Here is the new Carbon Copy, your periodic update on the Carbon language!

Carbon Copy is designed for those people who want a high-level view of what's happening on the project. If you'd like to subscribe, you can join announce@carbon-lang.dev. Carbon Copy should arrive roughly (sometimes very roughly) every other month.

Toolchain Progress

If you don't want to compile the toolchain yourself, Carbon is now releasing nightly builds. Instructions are on the homepage; in short:

# A variable with the specific nightly version:
VERSION="$(date -d yesterday +0.0.0-0.nightly.%Y.%m.%d)"

# Get the release
wget https://github.com/carbon-language/carbon-lang/releases/download/v${VERSION}/carbon_toolchain-${VERSION}.tar.gz

# Unpack the toolchain:
tar -xvf carbon_toolchain-${VERSION}.tar.gz

# Create a simple Carbon source file:
echo "fn Run() { Core.Print(42); }" > forty_two.carbon

# Compile to an object file:
./carbon_toolchain-${VERSION}/bin/carbon compile \
  --output=forty_two.o forty_two.carbon

# Install minimal system libraries used for linking. Note that installing `gcc`
# or `g++` for compiling C/C++ code with GCC will also be sufficient, these are
# just the specific system libraries Carbon linking still uses.
# sudo apt install libgcc-11-dev

# Link to an executable:
./carbon_toolchain-${VERSION}/bin/carbon link \
  --output=forty_two forty_two.o

# Run it:
./forty_two

This toolchain is not ready for actual use. Visit our releases page for your nightly experiments!

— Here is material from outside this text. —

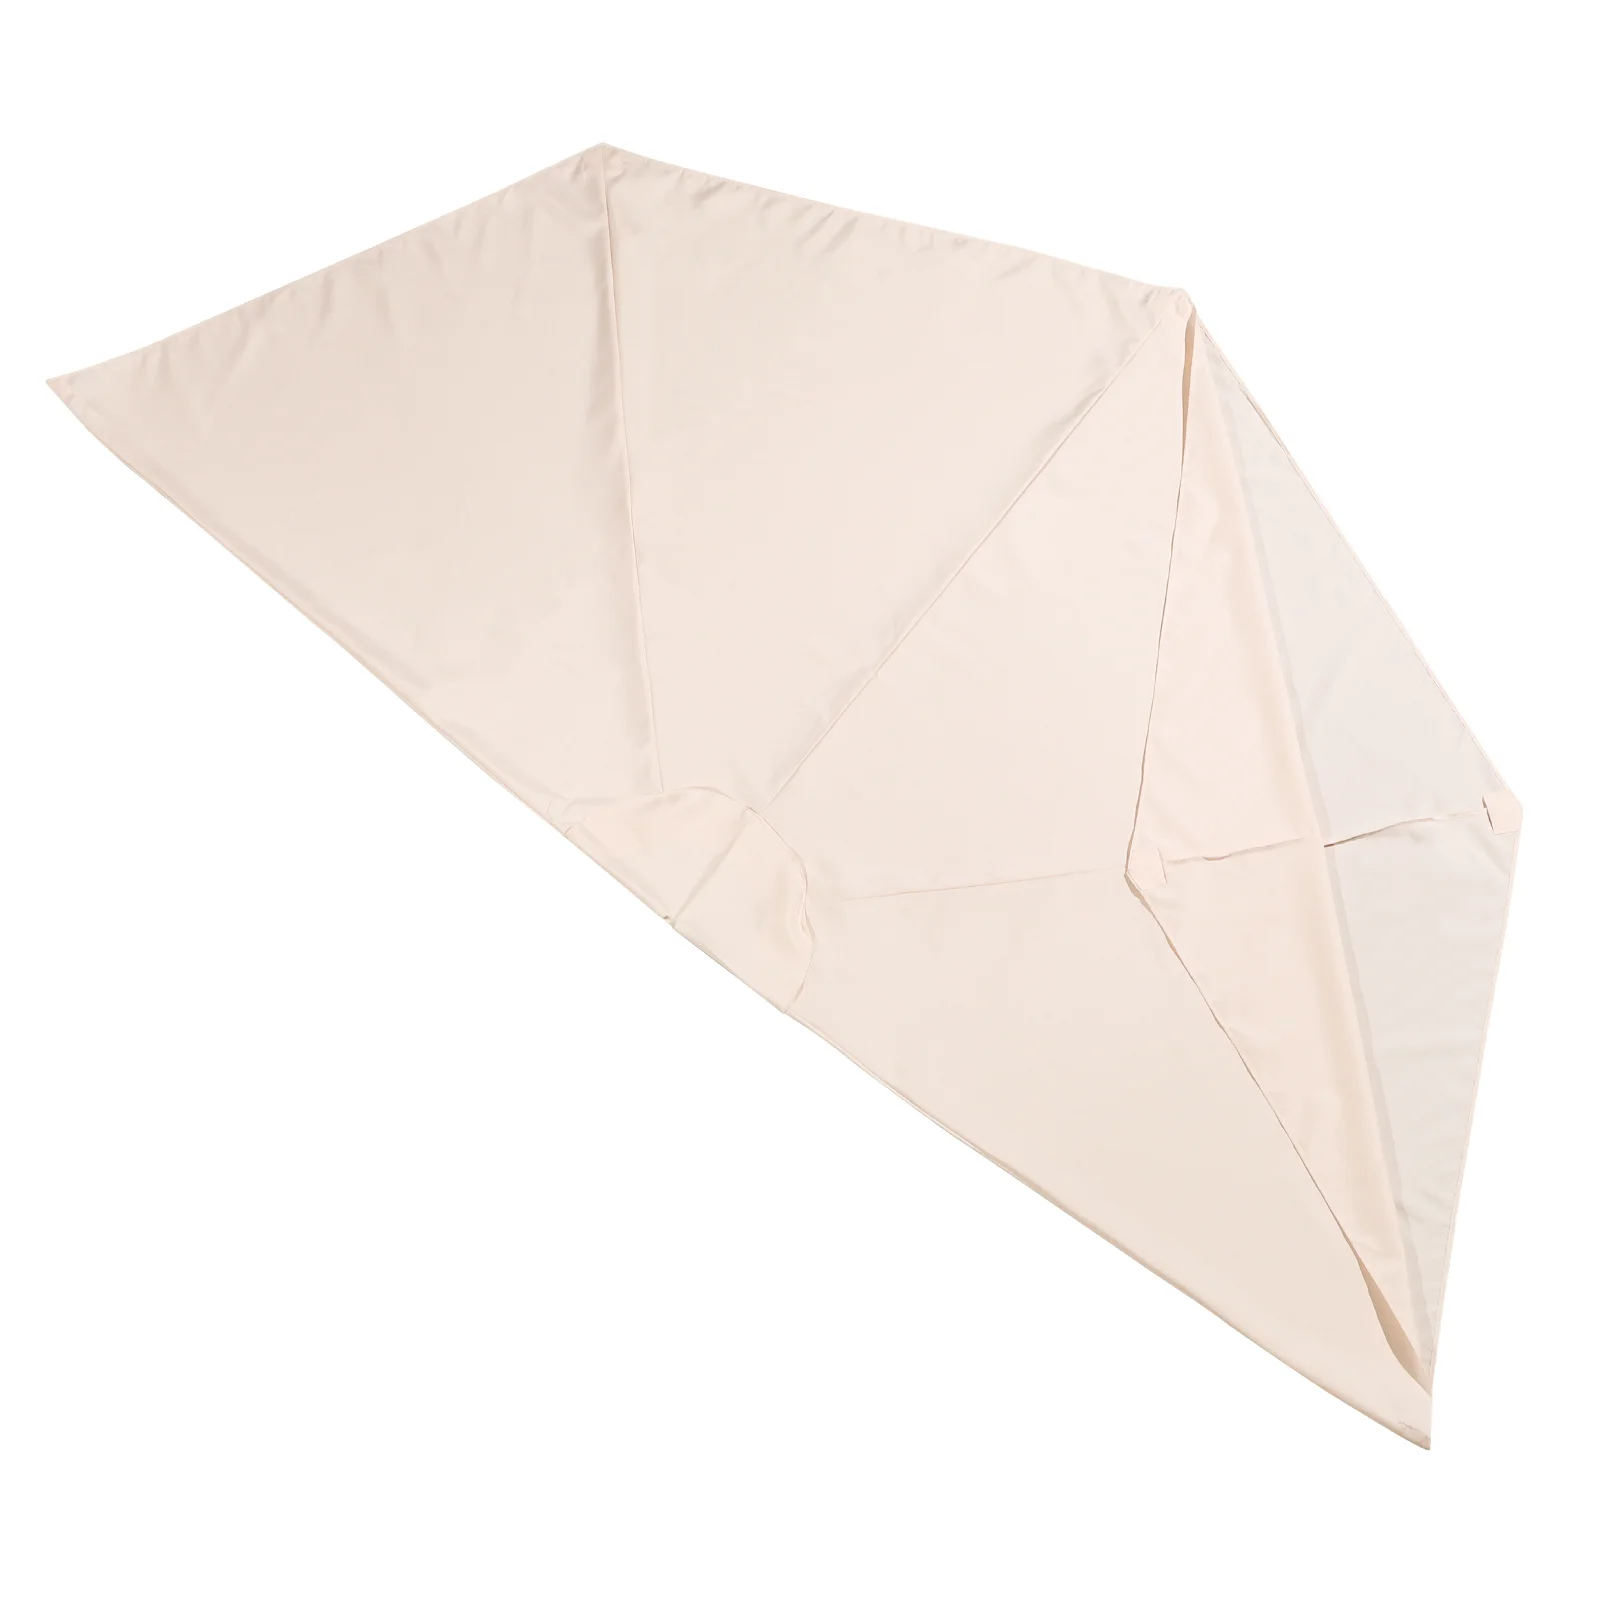 

Зонт УФ-стойкий, зонтик для внутреннего дворика, сменный солнцезащитный козырек

Spotlight: Pattern matching and tuples

This issue, we're going to look at patterns. A design goal for Carbon is to have a single kind of pattern matching all across the language. This language is used in places like:

• name-binding declarations
• function parameters
• match statements

Each of these look similar, as they use subsets of the features of Carbons patterns. This spotlight will dig into each of these three uses of patterns. Along the way, we're going to explore Carbon's implementation of tuples for the examples.

Let's get started!

Tuples

So, how about tuples? Tuples are a composite type that can contain an arbitrary number of values, which in turn can also be tuples. To declare the type of a tuple, you can create a tuple of types.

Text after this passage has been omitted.